Y Leny, ni corta ni perezosa, hacía con las manos los movimientos de quien despliega una larga tela, y luego, con una tijera imaginaria, iba cortando, cortando, cortando

(parecía que nunca iría a acabar de cortar), a veces mientras yo decía lo que se acostumbraba decir en una circunstancia como ésa: "Resulta que quiero deshacerme ya de la sábana vieja. Mi marido me ha dado dinero pues cobró lo que le debía el vecino por la venta de un cerdo ..."

Me quería mucho. Claro que a menudo teníamos grandes peleas. Nuestra madre no intervenía, no intentaba siquiera poner un cese a nuestras riñas, pues estaba como siempre, es decir, en cierto estado de suspensión, de distrac­ción.
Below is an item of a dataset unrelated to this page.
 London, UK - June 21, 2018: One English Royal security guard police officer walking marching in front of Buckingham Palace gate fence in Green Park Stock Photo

Sin embargo, su gran corazón le decía a mi hermana que aunque yo fuera la culpable de nuestra confrontación, debía darme un beso en la mejilla y echar tierra sobre nues­tros gritos de pequeñas niñas histéricas.
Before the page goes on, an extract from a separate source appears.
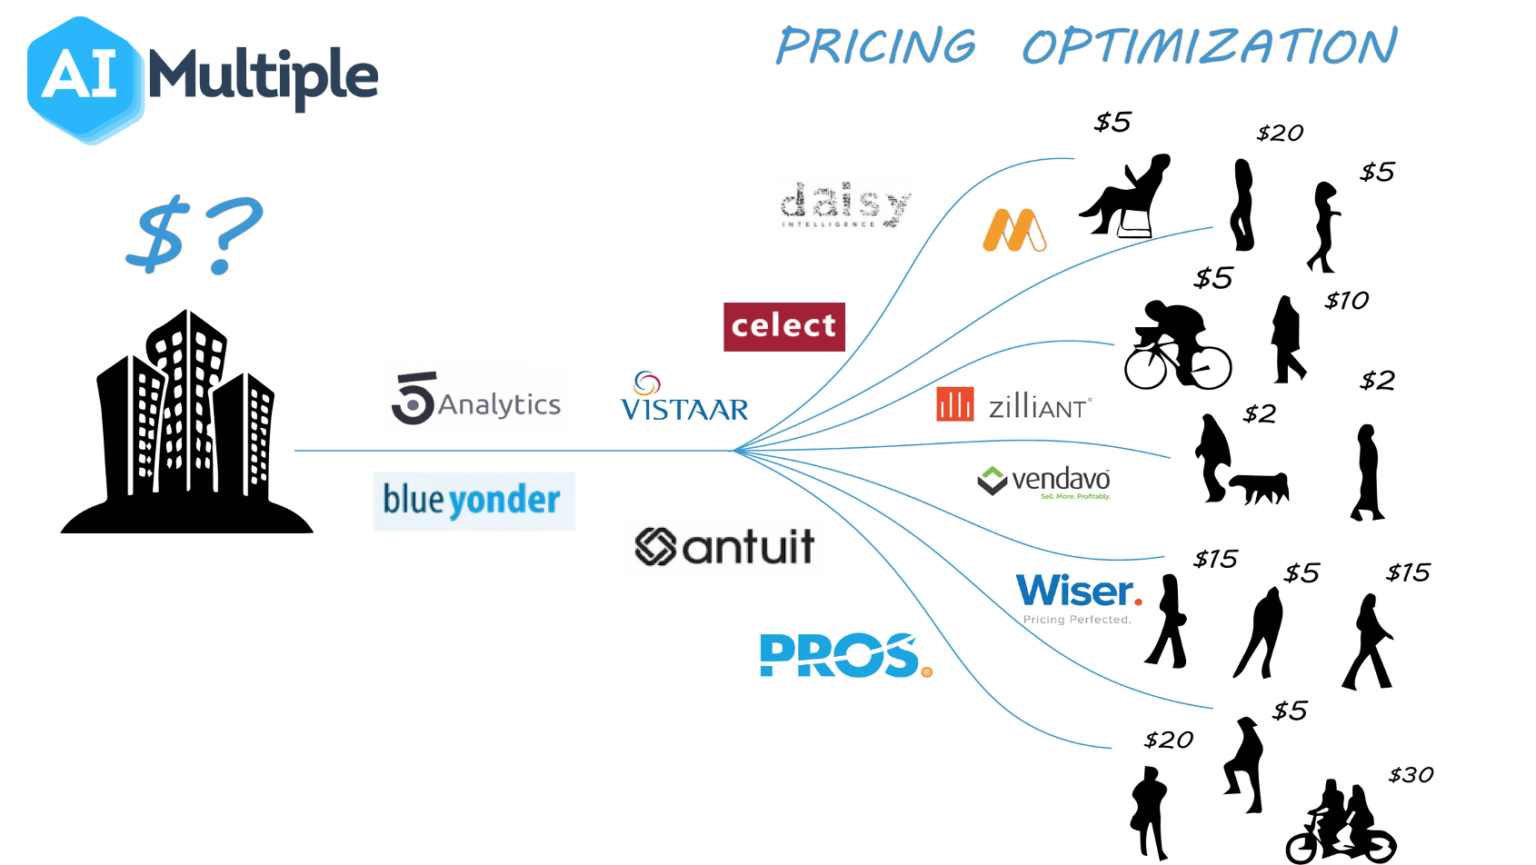 does dynamic pricing typically benefits consumers

Íbamos juntas todas las mañanas al colegio. Nuestra casa, enclavada en una especie de lomada, quedaba a más de quince cuadras del colegio Nacional del que ambas éramos

alumnas. Me cuidaba ella durante el trayecto de los niños que siempre estaban listos para hacer alguna travesura. Me sentía contenta de saberme protegida.
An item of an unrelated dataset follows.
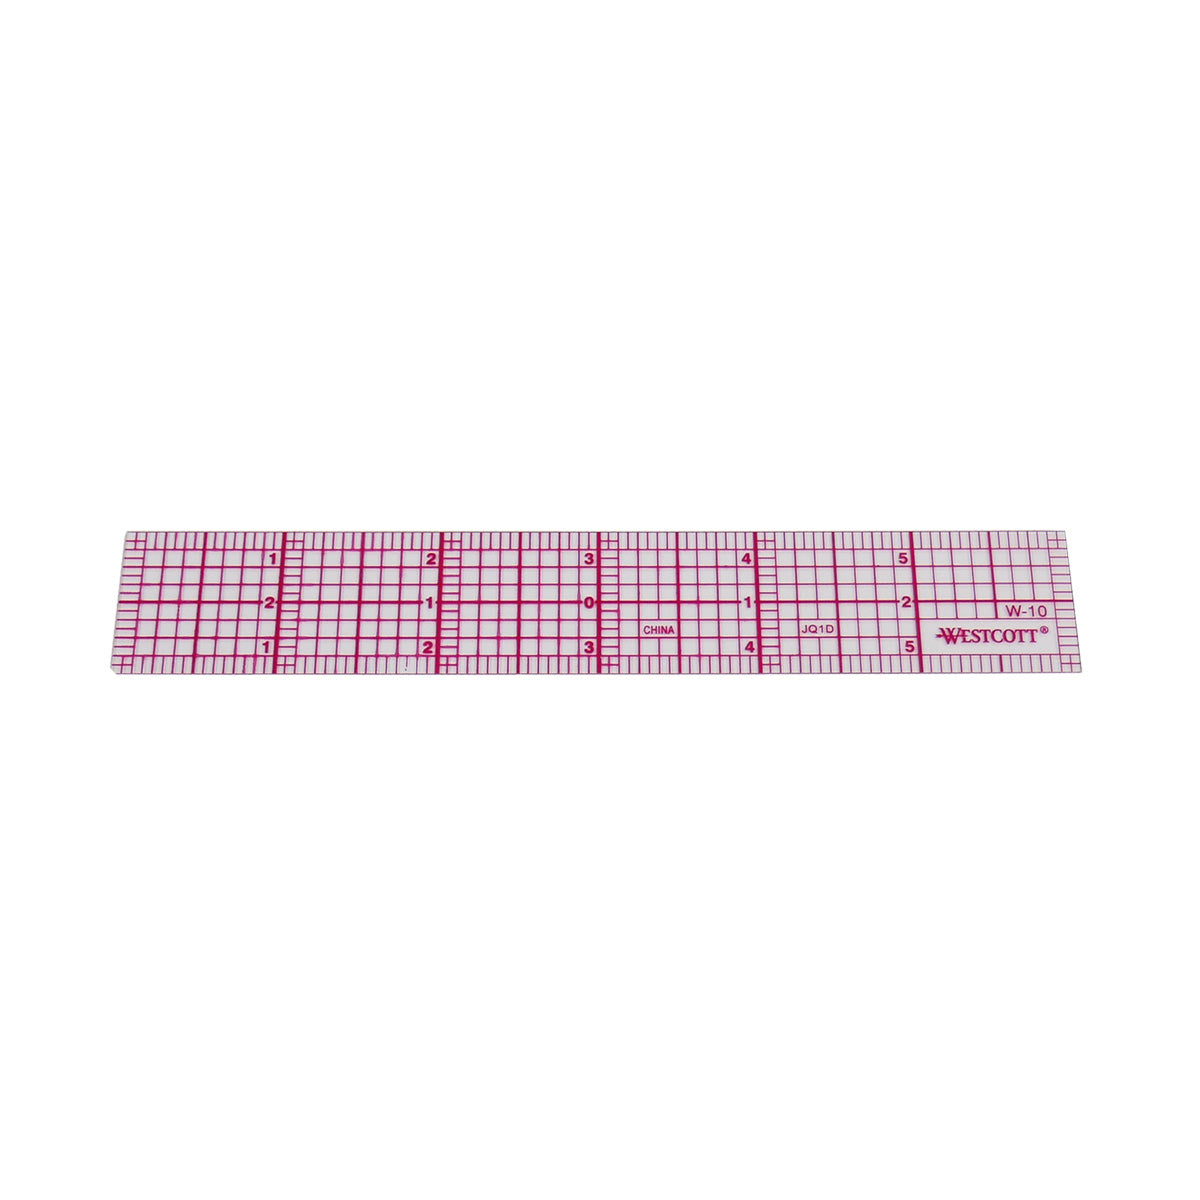 6" Westcott-branded transparent ruler without packaging, image taken at a slight angle.

Cuánto quería a mi hermana.

Y cuanto la amo aún. En esencia, sigue siendo la misma. Está presta para defenderme de la gente, de la vida, de las circunstancias. Hace poco tiempo le conté que un poemario mío ha sido reeditado. Me abrazó con fuerza, como si temiera que la fama, por más pequeña que fuera, terminara haciendo cierto daño a mi sensibilidad.


 

EL BOSQUE DE LA VIDA

 

Busqué la guía de los hombres.

Fui por el carril del mundo pero igual

salieron a mi encuentro fogonazos

y lámparas portadas por personas

que erraron el camino y me pedían

la vía exacta de la Cruz del Sur


Volviéronse en mi contra las señales.


Las puertas que buscaba se ausentaron.


Y enfermas de silencio las aldabas

no respondían nunca a mis urgencias.


Pero las garzas me indicaron tibias

pisadas en las playas y los búhos

caída ya la noche con chistidos

al bosque de la vida me llevaron.


Allí sentí el aliento del lucero.


Y el beso de una estrella abrió mi boca.


Leny sabía vestirse. Poseía ese innato sentido de la coquetería que hasta ahora la acompaña. Los vestidos que usaba los diseñaba con una imaginación de modista de alta costura. Una tarde, mientras aguardábamos la visita de un tío que debía venir de Asunción para visitar a nuestra madre que se hallaba un poco enferma, se vistió toda de encanto. Lucía un vestido de color celeste que le llegaba hasta las rodillas y tenía puesto el collar de perlas falsas de mamá. Todo en su porte, en su manera de mirar con cierto aire despectivo las paredes descascaradas de la habitación donde la enferma guardaba reposo, en su frente altiva, parecía indicar que llevaba puesto un traje de corte imperial y que ahí donde había simples zapatos de cuero brillaban zapatos de cristal, y que una corona de diamantes era todo cuanto le faltaba para que Adolfina, mi padre, mi hermano y yo termináramos de entender que la realeza en persona estaba ante nuestros ojos.

Era charlatana. No sabía cómo hacía para tener pa­labras sobre la lluvia, la humedad, el almuerzo, el postre, la siesta, las revistas de moda que nuestra madre colecciona­ba. Dormíamos juntas. No roncaba, mas hacía algún ruido con los dientes que era señal de que tenía parásitos en el organismo.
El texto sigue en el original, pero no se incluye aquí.